Under the supervision of the Supervisor of Physical Health Utilization Management, the Utilization Service Coordinator is responsible for all physical health components of Utilization Review for Colorado Access. Identifies members through the review process that are eligible for intensive case management. Makes referrals as appropriate to community resources and agencies. Works in collaboration with other teams within the Coordinated Clinical Services department to facilitate efficient administration of departmental policies and procedures. Responsible for applying criteria and/or guidelines specific to authorization reviews.
Responsible for all aspects (i.e. documentation, authorization letters, etc.) regarding authorizations, utilization management and coordination of inpatient acute care, sub-acute, outpatient care, rehabilitation services, and home health care for consumers accessing physical health and/or behavioral health benefits. Facilitates and coordinates discharge planning and works towards reduction of preventable hospital admissions, re-admissions, excessive therapies, DME, etc.
Interfaces with network providers regarding consumer service plans and care coordination. Participates in the evaluation and integration of wrap around services in relation to the overall service plan which may involve travel to attend meetings regarding consumer care or the system of care.
Works closely with the Supervisor of Behavioral Health Utilization Management to identify and solve problems related to providers, provider networks, access to and availability of services.
Supports quality improvement activities. Reports potential quality issues and concerns to the Medical Director and the Quality Management department.
Performs onsite and/or telephonic concurrent reviews of inpatient and outpatient episodes of care. Gathers pertinent clinical information and applies/interprets criteria to ensure medical necessity, covered benefits, participating providers and appropriate services. Refers cases not meeting approved criteria/guidelines to the Medical Director for determination.
Works closely with other teams within the Coordinated Clinical Services department to ensure that departmental goals are met.
Responsible for effective collaboration, communication and coordination among all responsible parties of an individual member's multidisciplinary health care team striving to eliminate fragmentation, duplication or gaps in treatment plans.
Understands, communicates and facilitates on behalf of the consumer, providers and other ancillary suppliers the complaint, grievance and appeal processes. Advises on the existing resources such as "Member's Handbook" and "Provider Manual".
Facilitates and engages in ongoing, real time, and comprehensive communications of their efforts, issues, progress, and barriers with other CCS Staff, Supervisors and Managers.
Due to the pandemic, our employees are temporarily working at home.

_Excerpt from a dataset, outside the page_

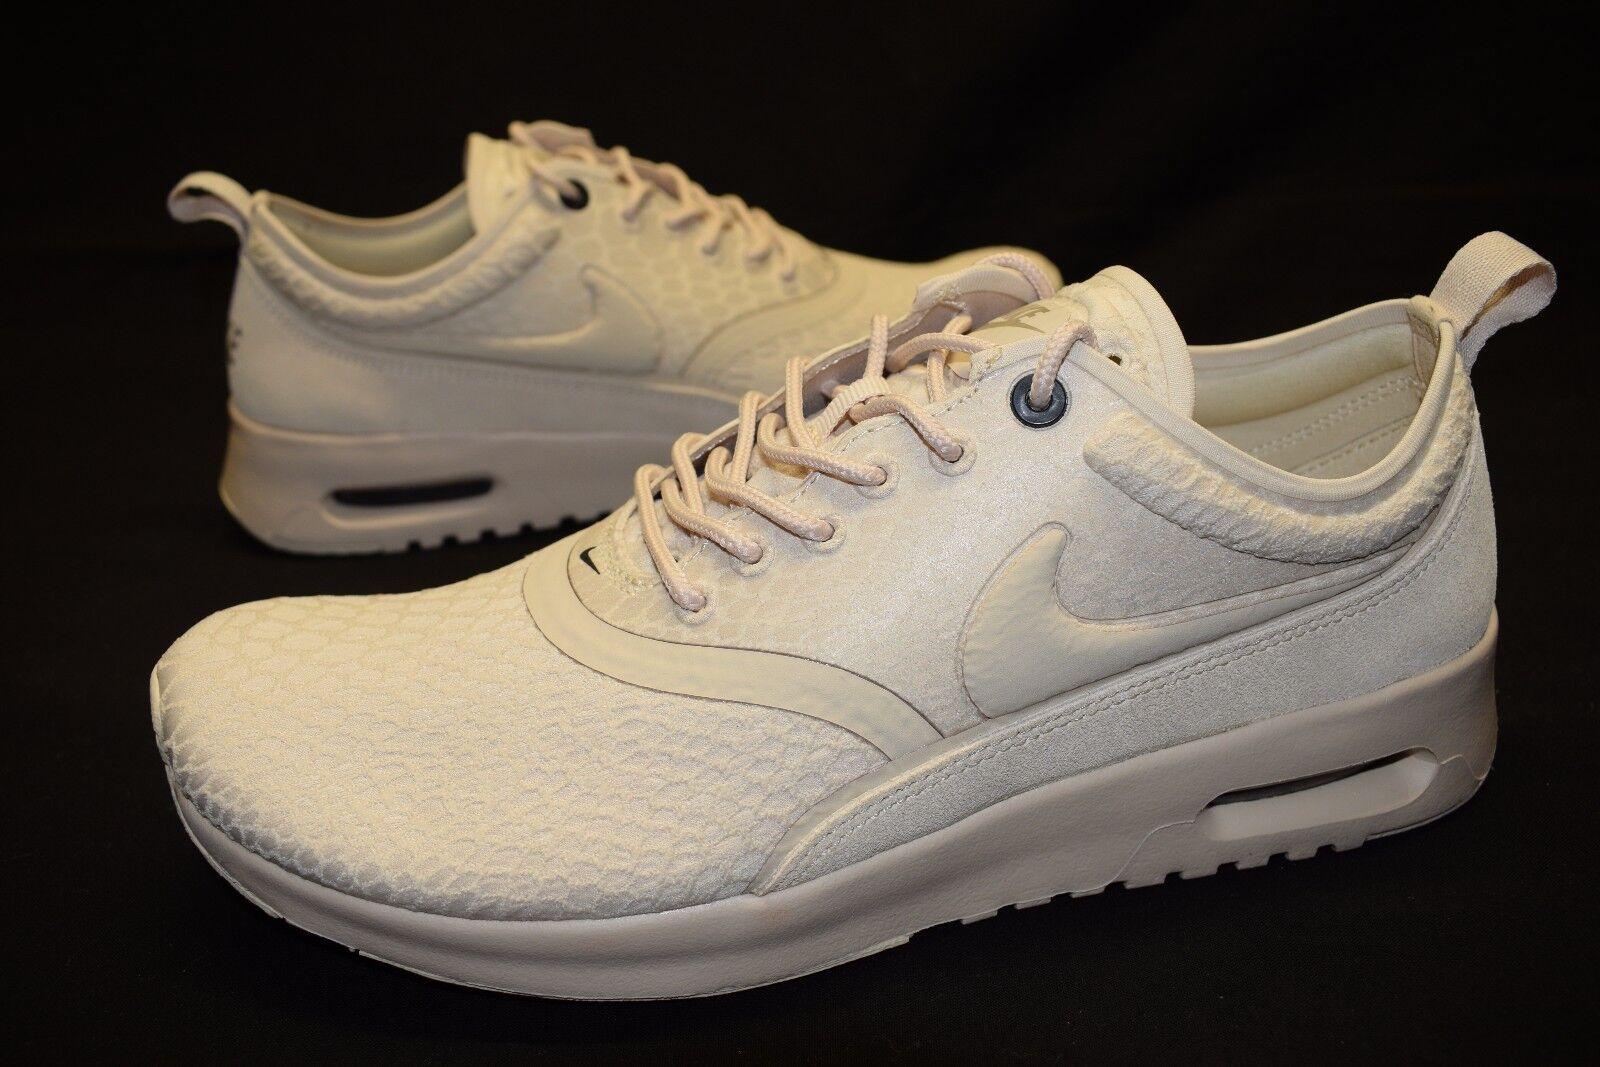 Nike Wouomo Air Max Thea Ultra SE scarpe scarpe da ginnastica 881118 100 Sz US 9 EU 40.5 NEW

We require our workforce to reside in Colorado and telecommute, which may require you to come into the office as we serve our local communities.
COMPENSATION & BENEFITS:
Compensation: $46,000.00 - $84,500.00 annually. Pay rate/salary to be commensurate with experience.
Benefits: In addition to being part of a mission driven organization that serves our community, eligible Colorado Access employees receive a generous benefits package, including:
Medical, Dental, & Vision starting the 1st day of the month following start date.
Supplemental insurance such as critical illness and accidental injury.
Healthcare and Dependent care flexible spending account options.
Employer Paid Basic Life Insurance and AD&D (employee, spouse and dependent).
Short-term and Long-term Disability Coverage.
Voluntary Life Insurance (employee, spouse, dependent).
Paid Time Off
Tuition Reimbursement (based on eligibility).
Annual bonus program (based on eligibility, requirements and performance).
Colorado Access is committed to providing equal opportunities to all people regardless of race, color, national origin, age, sex, genetic information, religion, pregnancy, disability, sexual orientation, veteran status or any other status protected by applicable law. We strive to maintain a work environment that is free from unlawful harassment and discrimination.
Education: Bachelor’s degree in nursing required.
Experience: Three years of clinical case management and healthcare experience in the physical or clinical setting required. Experience working with Managed Care, Medicaid and Medicare populations is preferred. Experience with concurrent review, quality improvement processes, ICD9, CPT4 and DRG coding preferred.
Knowledge, Skills, and Abilities: Knowledge of managed care and utilization management required. Demonstrates support for the company’s mission, vision and values. Position requires excellent written and verbal and written communication skills, strong organizational and time management skills, strong interpersonal skills and the ability to handle multiple priorities. Ability to work independently with minimal supervision. Ability to work effectively with Colorado Access staff, members, physician office staff and other providers. Requires basic computer knowledge with experience in Microsoft Word and Excel preferred. May be required to manage multiple priorities and projects with tight deadlines.
Licenses/Certifications: Active Colorado Nursing (i.e. RN, LPN). A valid driver's license and proof of current auto insurance will be required.
Colorado Access is a local, nonprofit health plan that serves more than one million members. The company’s members receive health care under Child Health Plan Plus (CHP+), and Health First Colorado (Colorado’s Medicaid Program) behavioral health, physical health, and long-term support programs. Colorado Access provides care coordination services and administers behavioral health and physical health benefits for two regions as part of the Regional Accountable Entity program through Health First Colorado.